Objective: To describe parent-reported infant health and illness experience at 8 weeks.
Setting: Coventry.
Study design: Prospective whole year birth cohort.
Outcome measures: Period prevalences (birth to 8 weeks) and incidences, unadjusted and adjusted for differential cohort attrition, of parent-reported infant health outcomes.
Methods: Of 3891 live births in 1996, 2572 (66%) were recruited into the study. Data were collected by health visitors as part of routine child health surveillance, at 8 weeks using the Warwick Child Health and Morbidity Profile (WCHMP) incorporated into the Parent Held Record. Period prevalences and incidences of parent-reported health outcomes in the first 8 weeks of life were calculated with and without adjustment for the effects of different rates of cohort attrition by sociodemographic group.

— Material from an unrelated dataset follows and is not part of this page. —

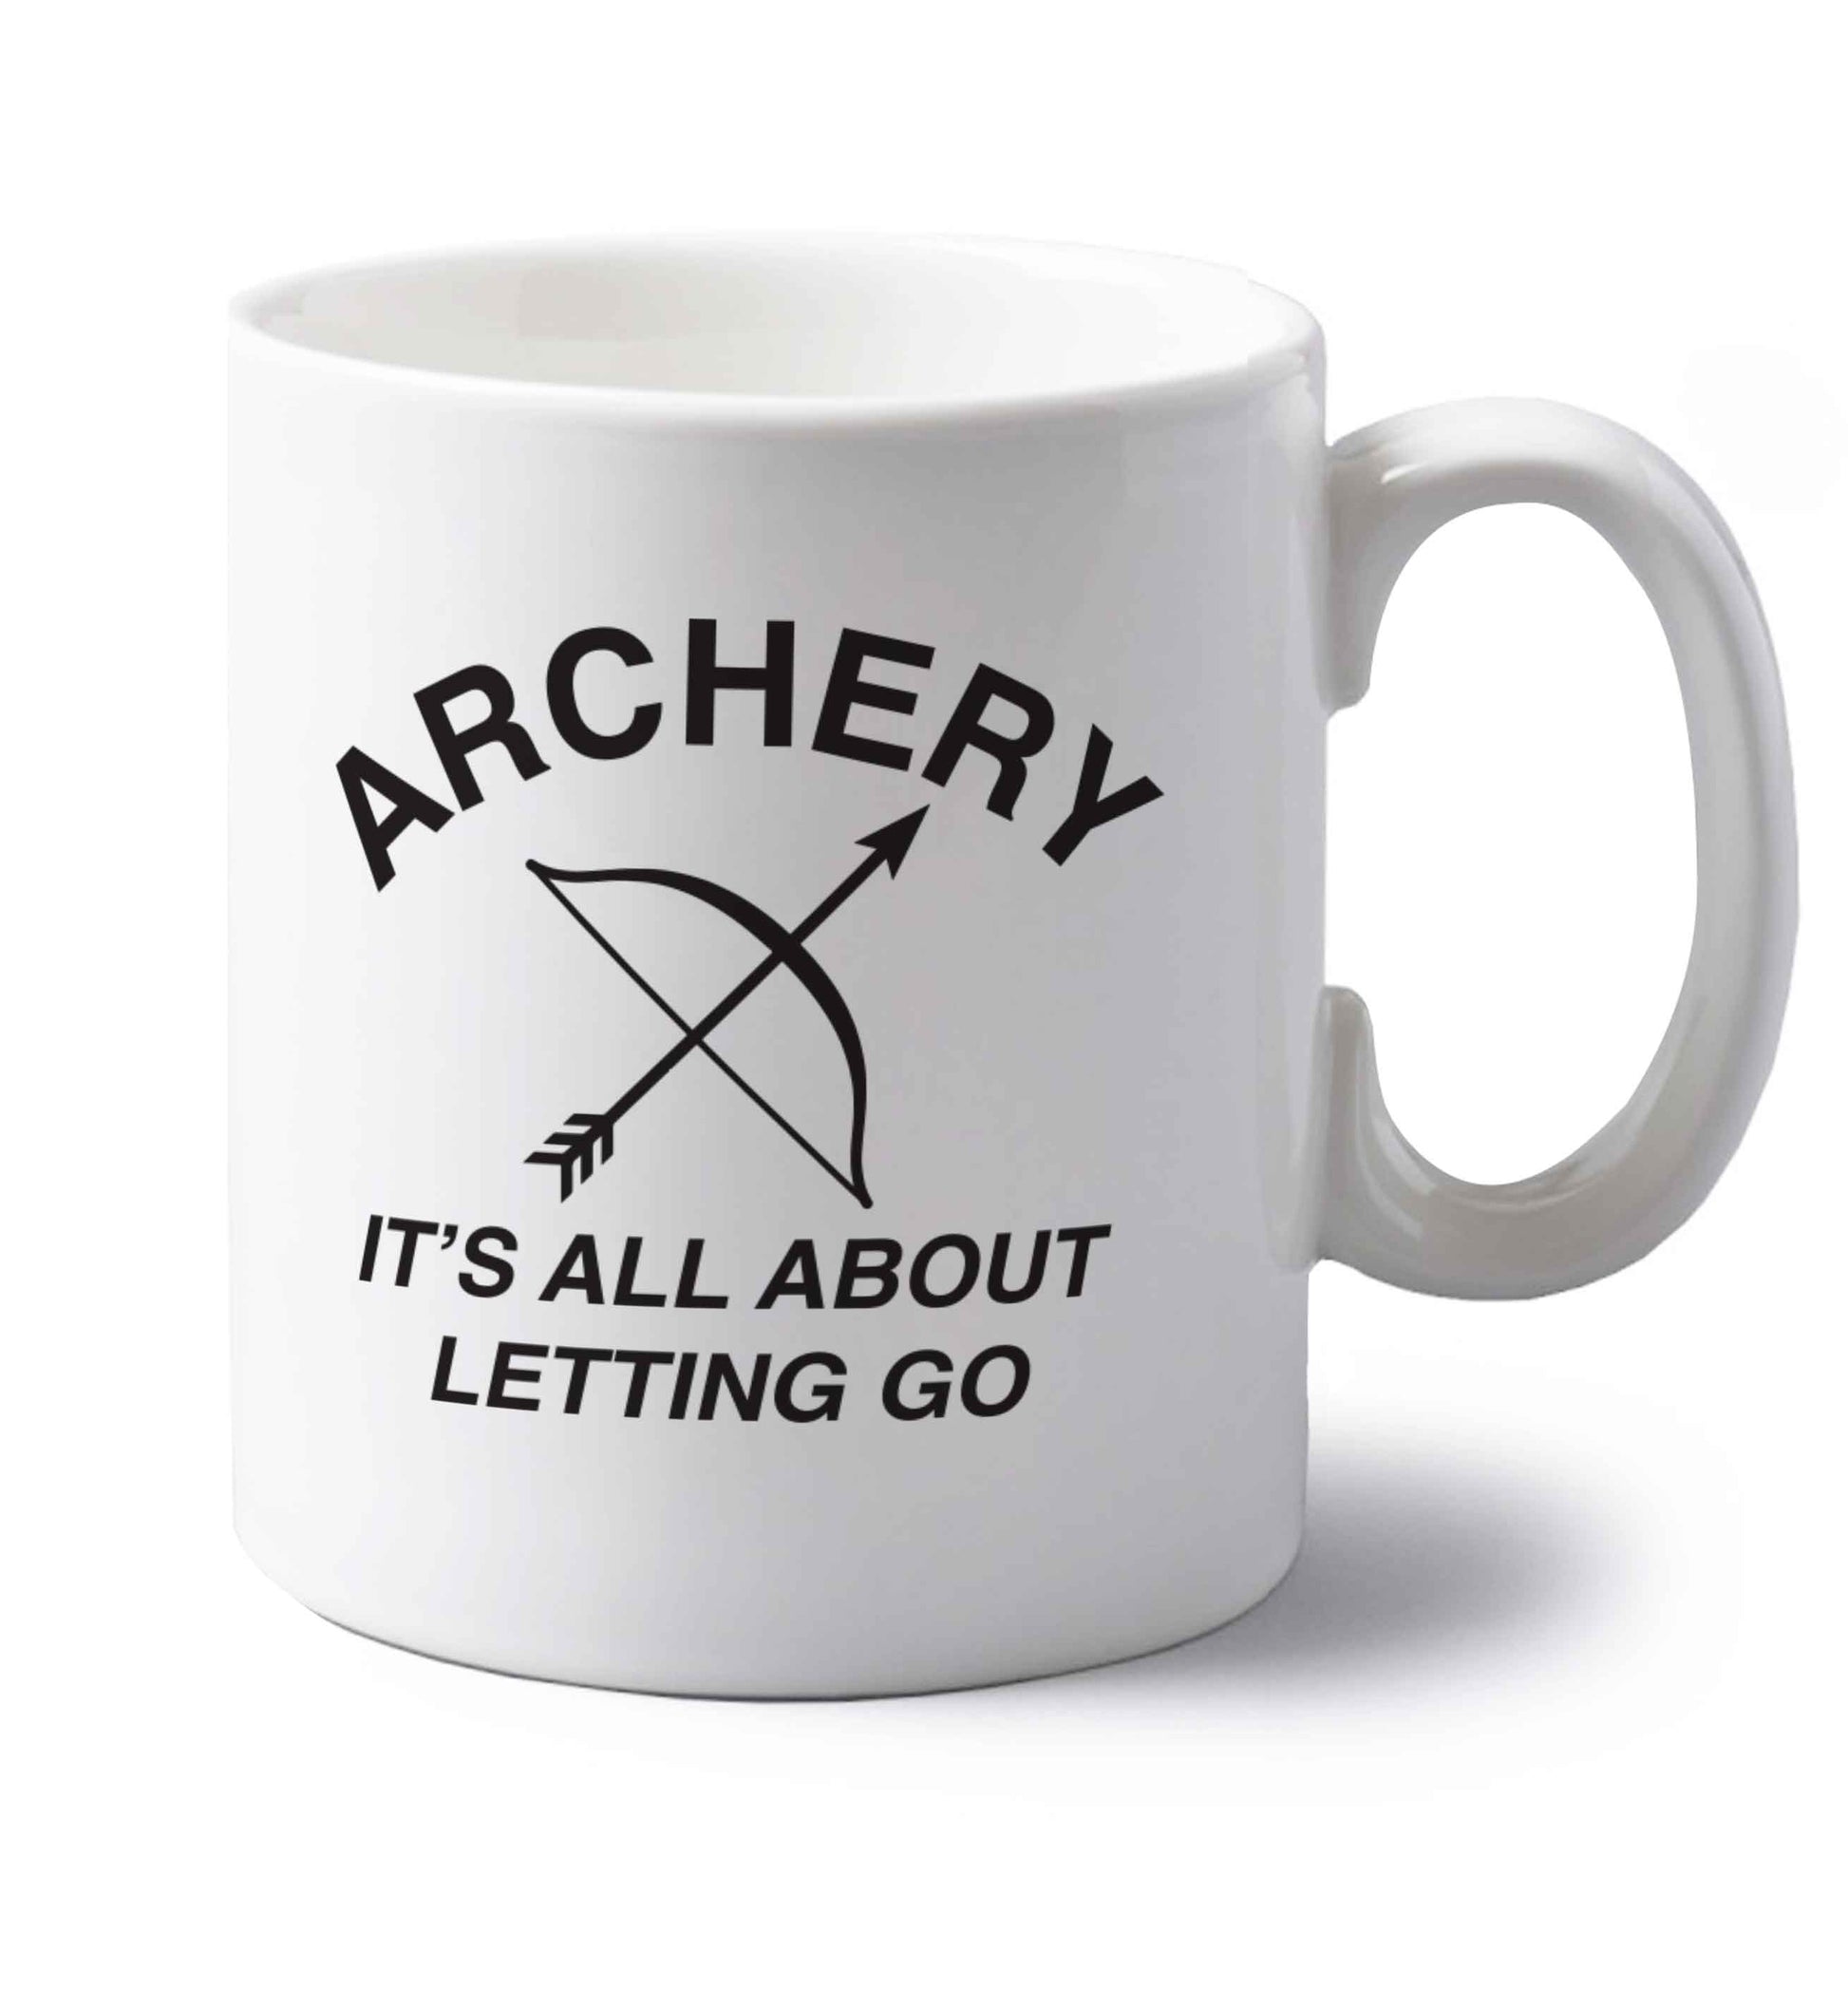 Archery it's all about letting go left handed white ceramic mug 
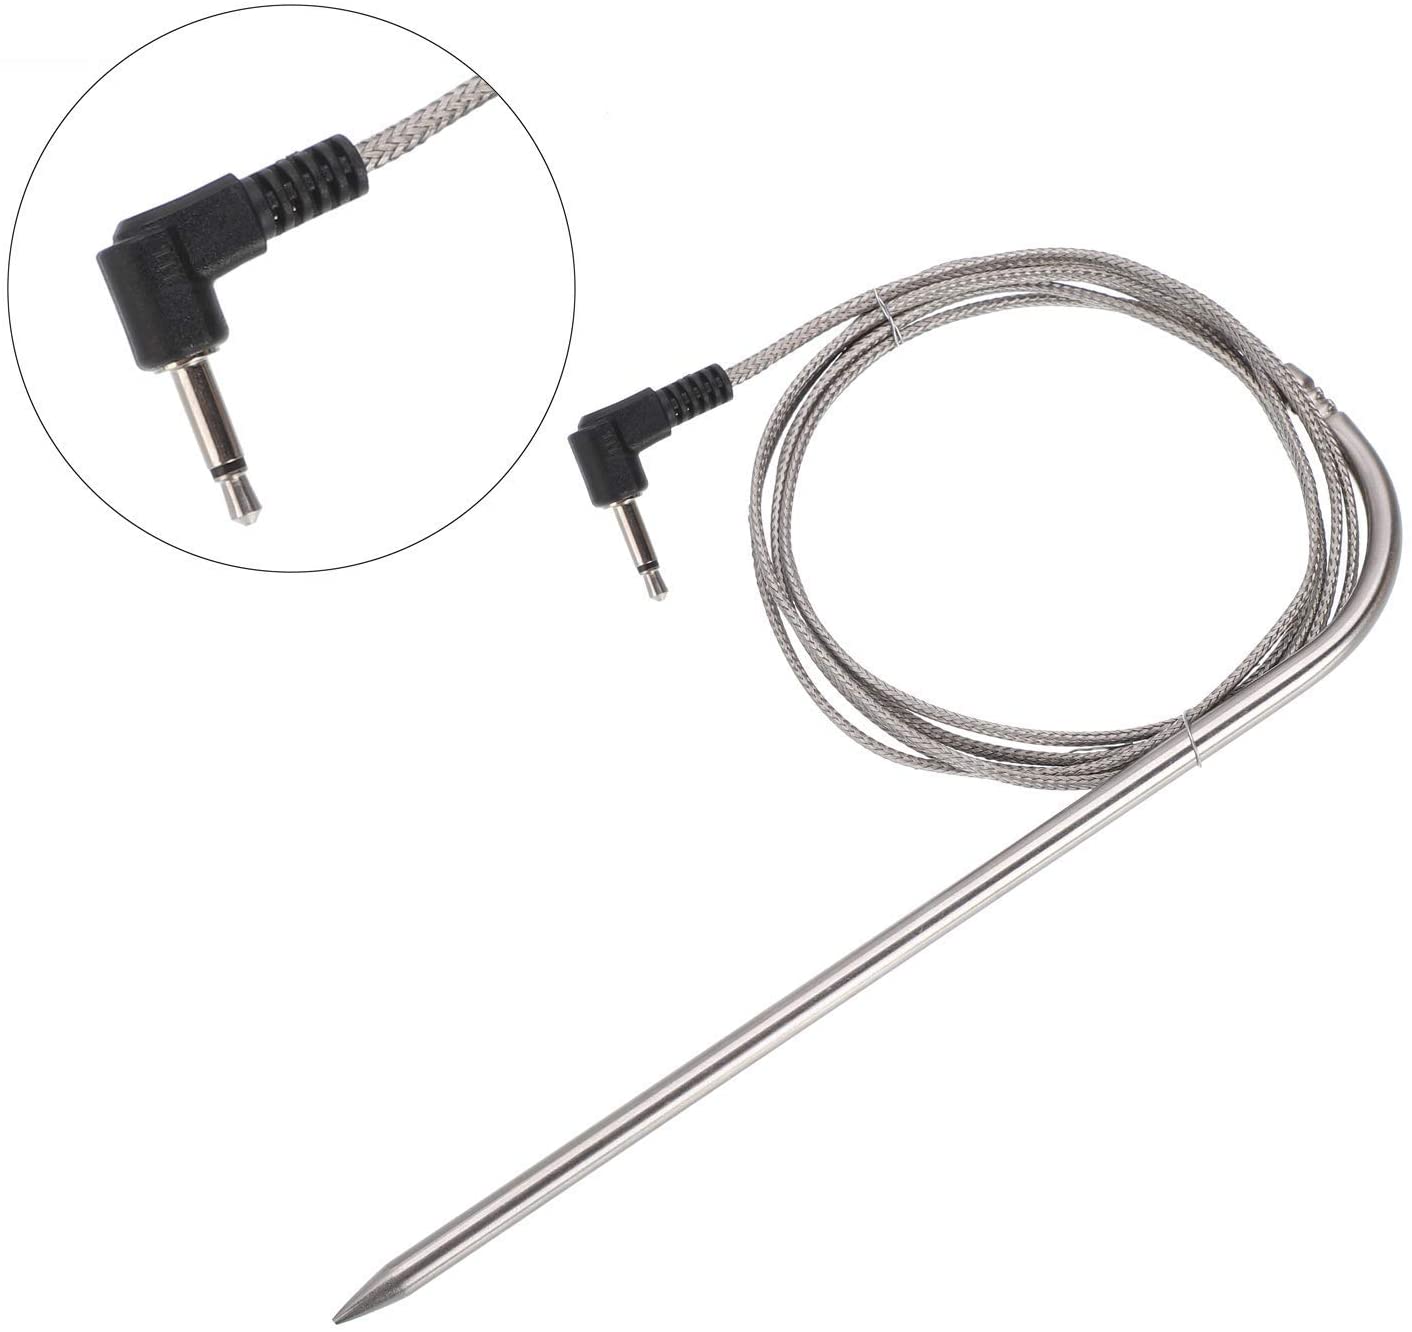 Waterproof Thermometer Hybrid Probe Replacement for Digital

Results: Data were collected on 2572 infants at recruitment. Health outcome data were available on 2072 (53% of all 1996 live births) infants at 8 weeks. There was differential attrition by social group between enrollment and 8 weeks. Nineteen (95% confidence intervals (CIs) 14,24)/1000 infants were reported as not very healthy/unhealthy, 12 (95% CIs 8,16)/1000 as having impaired health-related quality of life and 11 (95% CIs 7,15)/1000 impaired functional health. Chronic illness had a period prevalence rate of 19 (95% CIs 14,24)/1000. Sixty-six (95% CIs 55,77)/1000 had acute illnesses requiring medical attention and 43 (95% CIs 34,52)/1000 were admitted to hospital at least once. More minor illness than expected was reported in 87 (95% CIs 75,99)/1000. The incidence rate of accidents requiring medical attention was 16 (95% CIs 9,21)/1000. Behavioural problems had a prevalence rate of 78 (95% CIs 66,90)/1000.
Conclusions: Infant health status data have traditionally been based on mortality, hospital admissions and specific diagnoses. This is the first report of health and illness experience during infancy in a whole year birth cohort based on a validated measure of parent-reported health status incorporated into the Parent Held Record and administered by the family health visitor as part of routine child health surveillance. These data give a more comprehensive picture of infant health and illness experience than traditional measures and provide the basis for infant health needs assessment.